The case for AI pilots that actually ship

This is the boring half of AI implementation — the half nobody writes about. The framing on most stages, in most articles, in most boardrooms is still about what AI can do. The actual problem on the floor is a much smaller, much less photogenic question: which of the things AI can do will still be in production six months from now? Because the rest is a line on the budget that closes without anybody being quite sure what it produced.

I want to spend this piece on the difference between the pilots that ship and the pilots that don't. Not because I want to be skeptical about AI — I run an AI practice and I think the tools are extraordinary. I want to be skeptical about pilots. The two are not the same thing.

Where pilots actually go to die

The death certificate on most AI pilots is signed in one of four places.

Place one: integration debt. The pilot ran in a sandbox. The classifier worked on a CSV of historical inquiries. Beautiful F1 score on the test set. Production integration was scoped at "two weeks." Three months later, the pilot is still waiting on permissions to read the CRM, the team has lost momentum, and the original sponsor is justifying the slip in budget review meetings.

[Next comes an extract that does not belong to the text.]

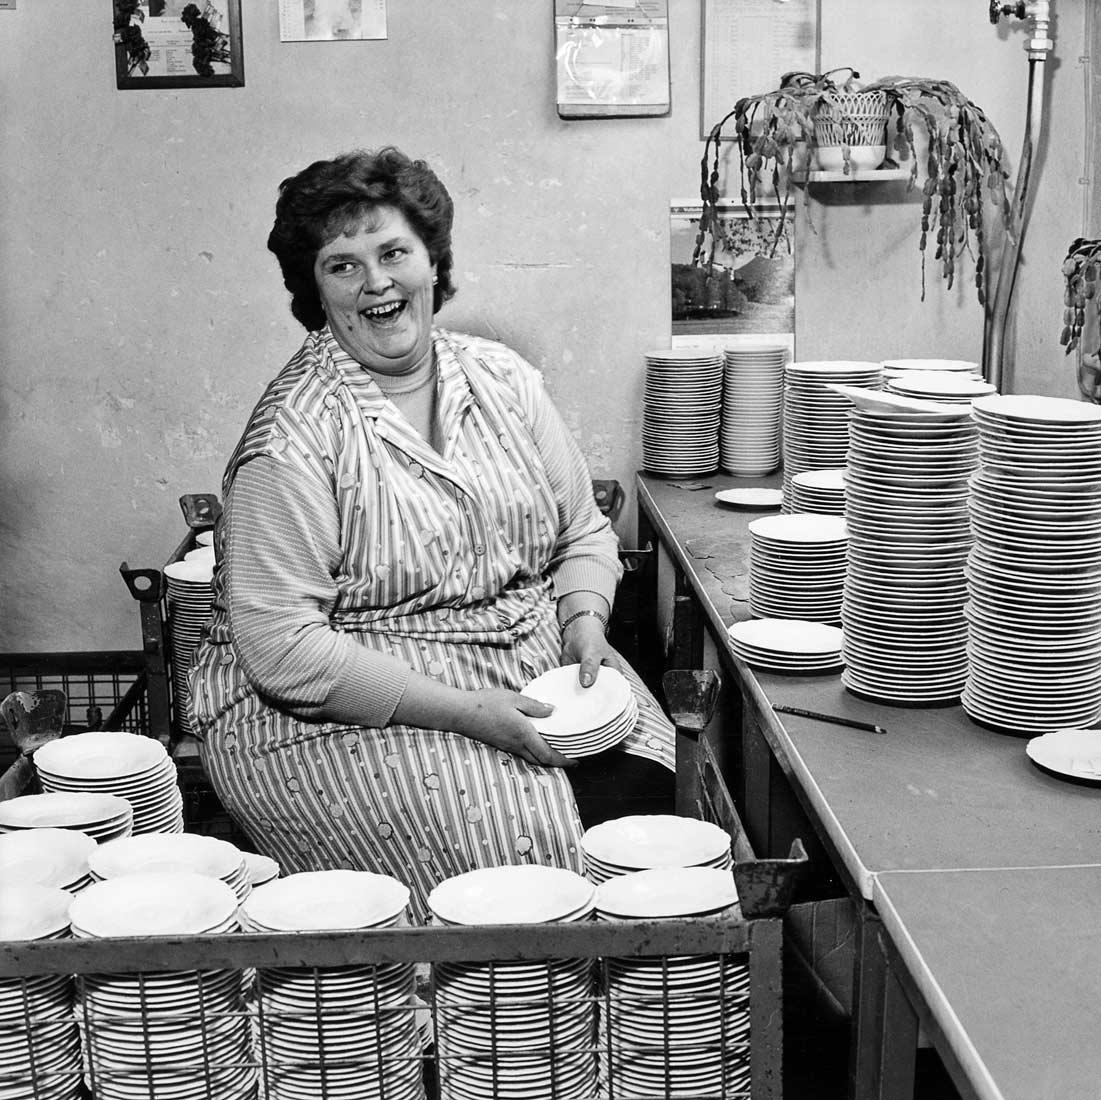 Porzellansortiererin der Porzellanfabrik Hutschenreuther AG - Tirschenreuth 1987

Place two: data the model never saw. The model was trained on 800 polished examples. Production traffic includes informal Croatian-English code-switching, attachments the OCR can't parse, and edge cases that account for 12% of volume. The pilot's accuracy drops twenty points. The team's confidence drops further. Quiet retreat.

Place three: nobody owns the workflow. The AI generates a suggestion. The agent is supposed to review and send. But "supposed to" is doing a lot of work — there's no clear escalation rule, no measurement of override rate, and no one is responsible for the days when the model misbehaves. Six weeks in, agents have learned to ignore the suggestion. The tool is technically running. It isn't being used.

Place four: the wrong success metric. The pilot was measured on technical accuracy when leadership cared about response time. Or on response time when finance cared about cost per inquiry. The metric the pilot reports doesn't connect to the budget conversation in the room where the project's fate is decided. So it doesn't survive the budget conversation.

The four-question filter we run before any pilot

We don't start AI pilots that fail one of these. Not "we'd prefer not to" — we don't. The fastest way to get to a pilot that ships is to refuse pilots that won't.

1. Is the workflow stable enough to instrument?

If the underlying process is changing every other month — new fields in the form, a new escalation rule, a re-org of the team — the pilot will be measuring noise. We pause and stabilize the workflow first. Six weeks of doing nothing AI-related, in service of a pilot that actually has a baseline to beat.

2. Is the integration path real?

Before the pilot starts, we run a one-week integration spike: read access, write access, queueing, retries, monitoring. Production-quality, not sandbox-quality. If the integration path goes through three quarters of procurement negotiation with a vendor that has to approve the API call, we say so, and we hold the pilot until that's resolved.

3. Does someone own the override loop?

Every AI workflow in production needs a named person whose job, on a defined cadence, is to look at the cases the model got wrong, ask why, and decide whether the answer is more training data, a workflow change, or escalation rules. If we can't name that person, we don't start. The day-one accuracy of the model is the least interesting number; the rate of improvement over month one is what tells you the project will ship.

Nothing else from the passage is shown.